All theatre is a form of voyeurism. Ultz's design for John Donnelly's play, presented at the Theatre Upstairs as part of the court's Young Playwrights' season, certainly rubs this in. The audience sits on two sides of a strip-lit, rectangular box watching the characters through mirrored walls. We can see them but they can't see us which lends the experience an eerie alienation.
At first we feel frustratingly denied the usual actor-audience contact: the sense of detachment is intensified by the fact that Donnelly's three characters speak in intercut monologues.
But gradually the point of the staging becomes clear. This is a play about isolated, lonely people describing one particular day in their increasingly desperate lives; and, once you become attuned to their rhythms, the play acquires a haunting fascination.

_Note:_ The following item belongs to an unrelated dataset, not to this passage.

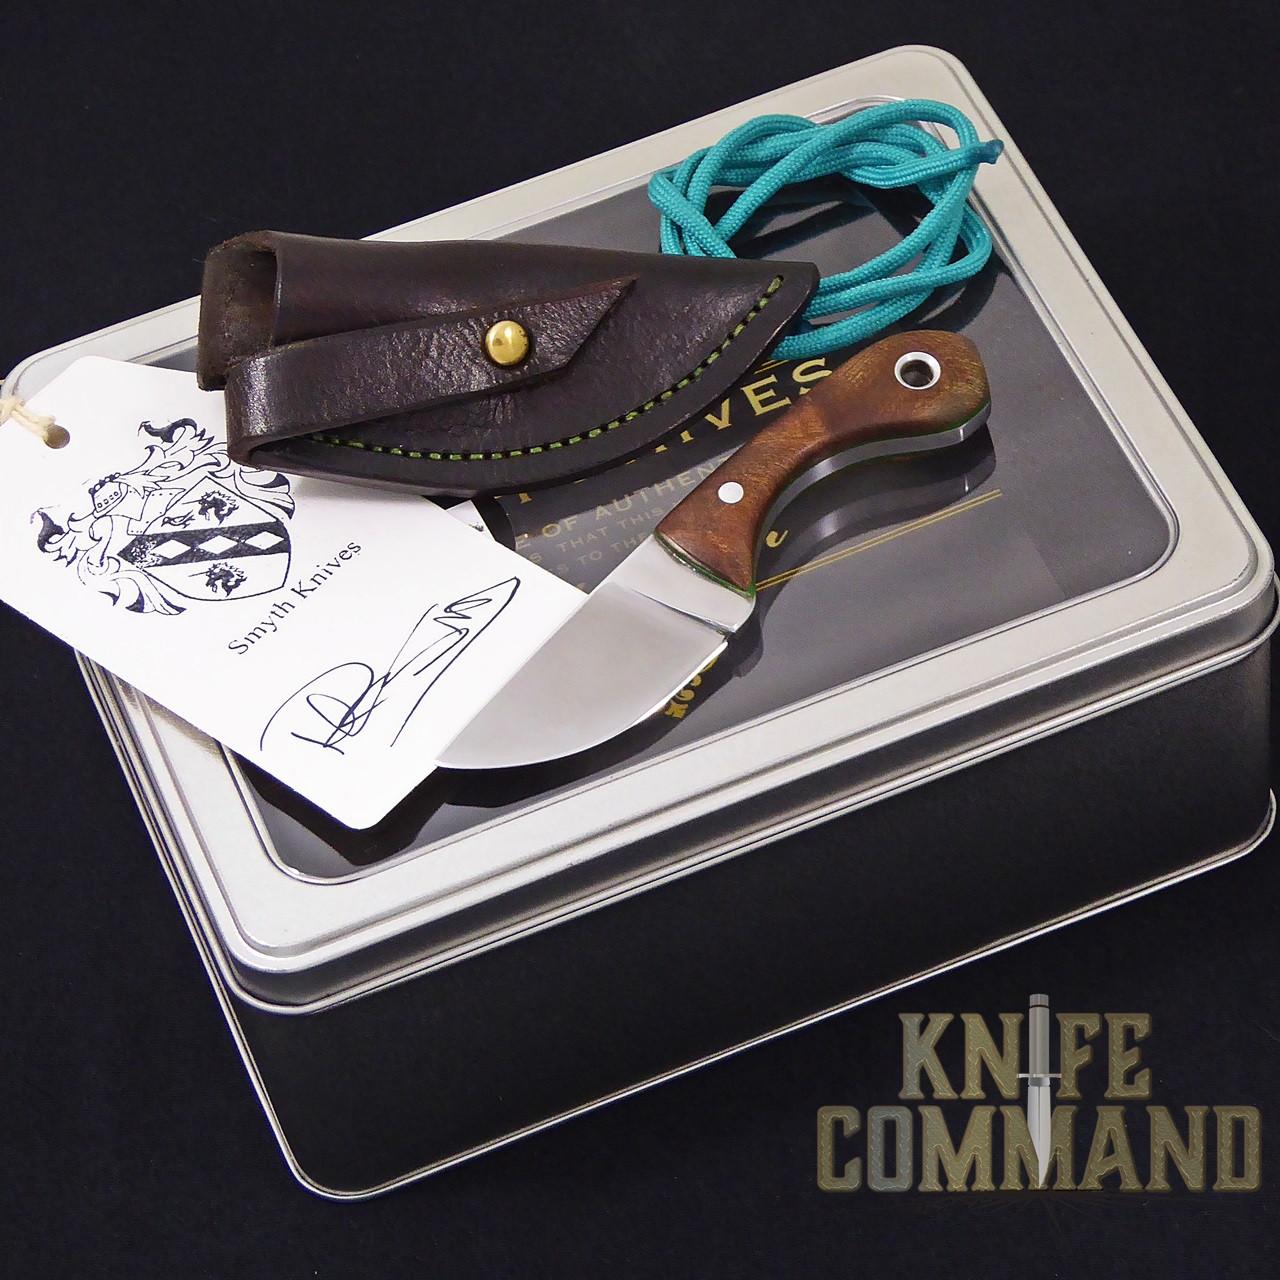 Paddy Smyth Knives Irish Elm Knife, The Leprechaun.  Nice presentation box with certificate of authenticity.
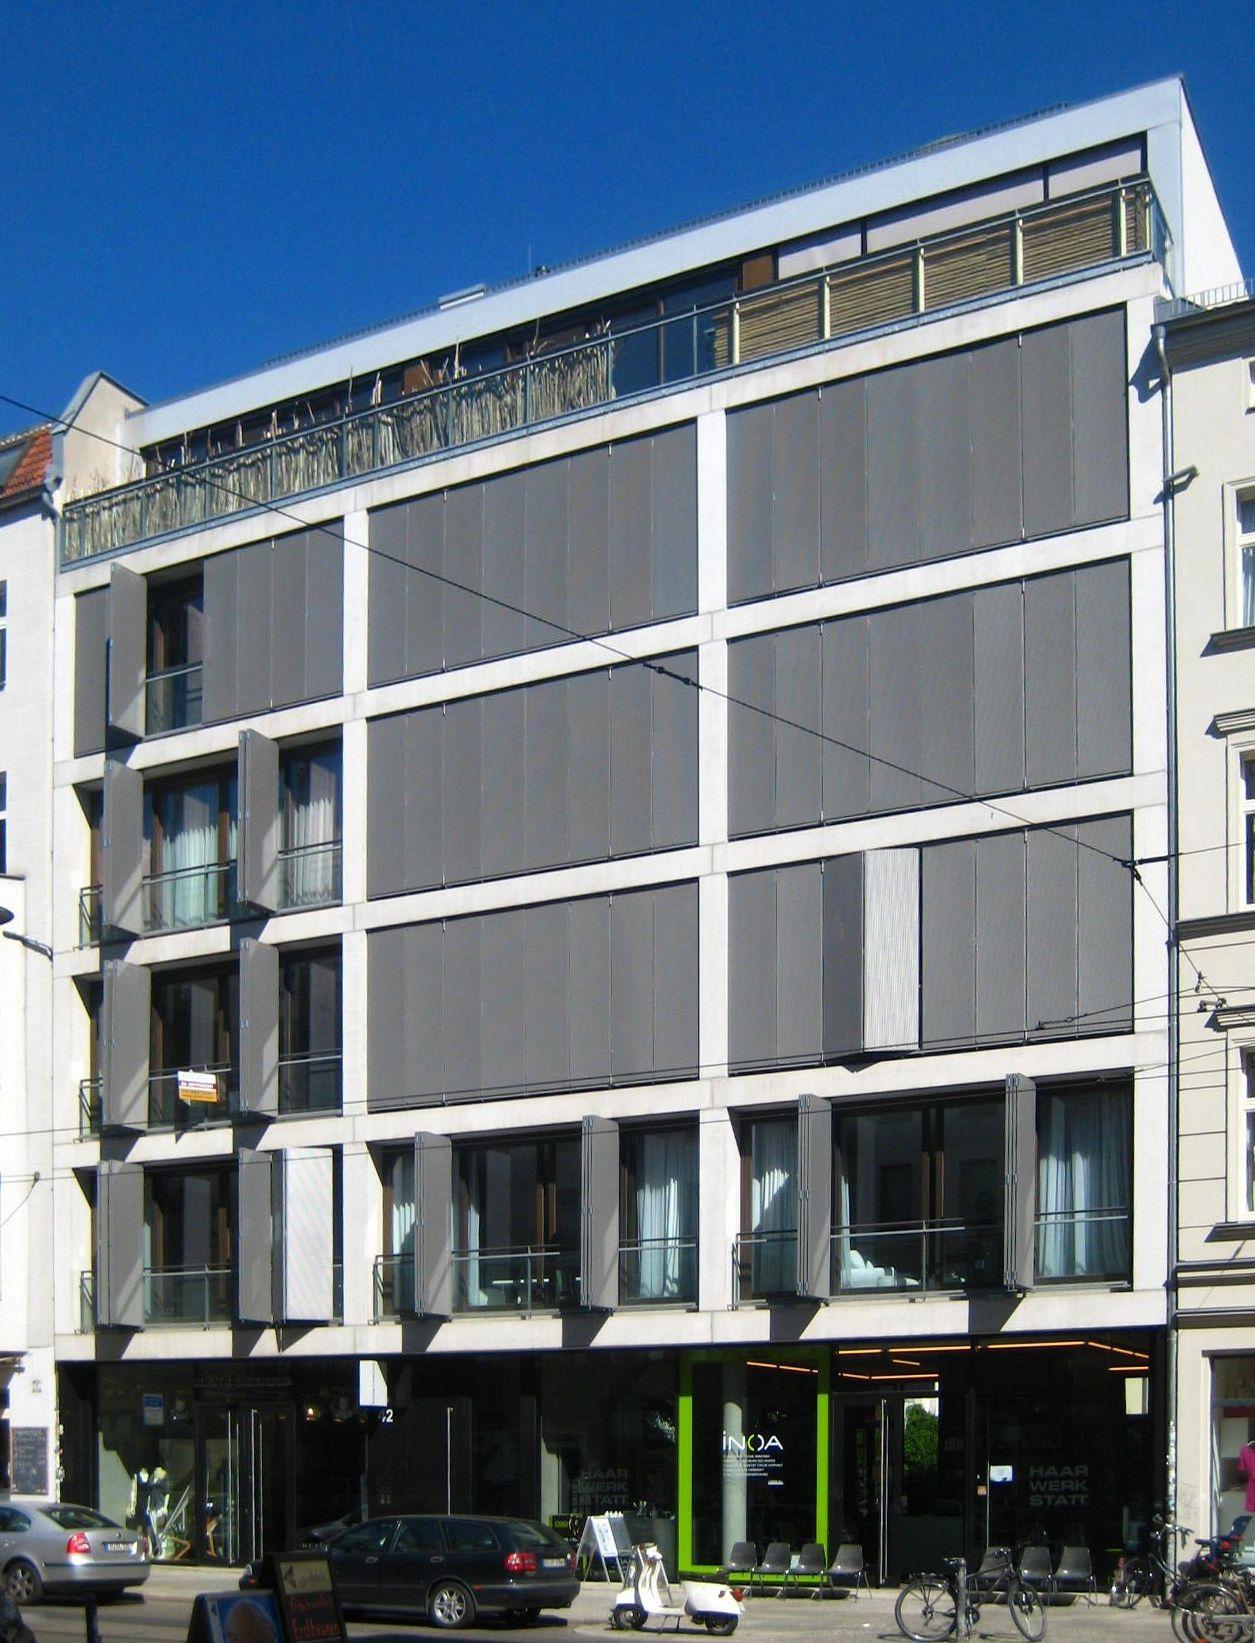 file berlin mitte alte schoenhauser strasse 42 wohn und wikimedia commons. Black Bedroom Furniture Sets. Home Design Ideas

Helen, we gradually learn, is the wife of a farmer who has died after his cattle have been exterminated during the foot-and-mouth outbreak. Stephen is a black, would-be-cool middle-management figure obsessed by his ex-lover. And Jamie is a pugnacious young squaddie desperate to get laid on the eve of going off to war. The three figures never converse; but their speeches sometimes echo and bounce off each other in a way that reflects their shared yearning for contact with the dead, the lost and the living.
Donnelly has clearly studied Beckett, McPherson and Kane, who sound like a firm of solicitors but who are past masters of monologue. And, even if Donnelly's play depends too much on withheld information, he can cut to the emotional quick. Jamie, in particular, comes fiercely alive in Bryan Dick's performance as a cockily insecure bantam who craves a priest's consoling touch. Brid Brennan also lends the suicidal Helen an angry longing for the physical warmth of her dead husband. And Don Gilet conveys the self-pitying delusions of a man suffering the pangs of despised love.
Surprisingly Donnelly even offers us an unfashionable glimmer of hope. And, although Femi Elufowoju's stylised production initially suggests we are watching a scientific experiment or a porn-show, we slowly become involved in the characters' emotional lives. Death may be a great leveller but desperation is an even greater unifier.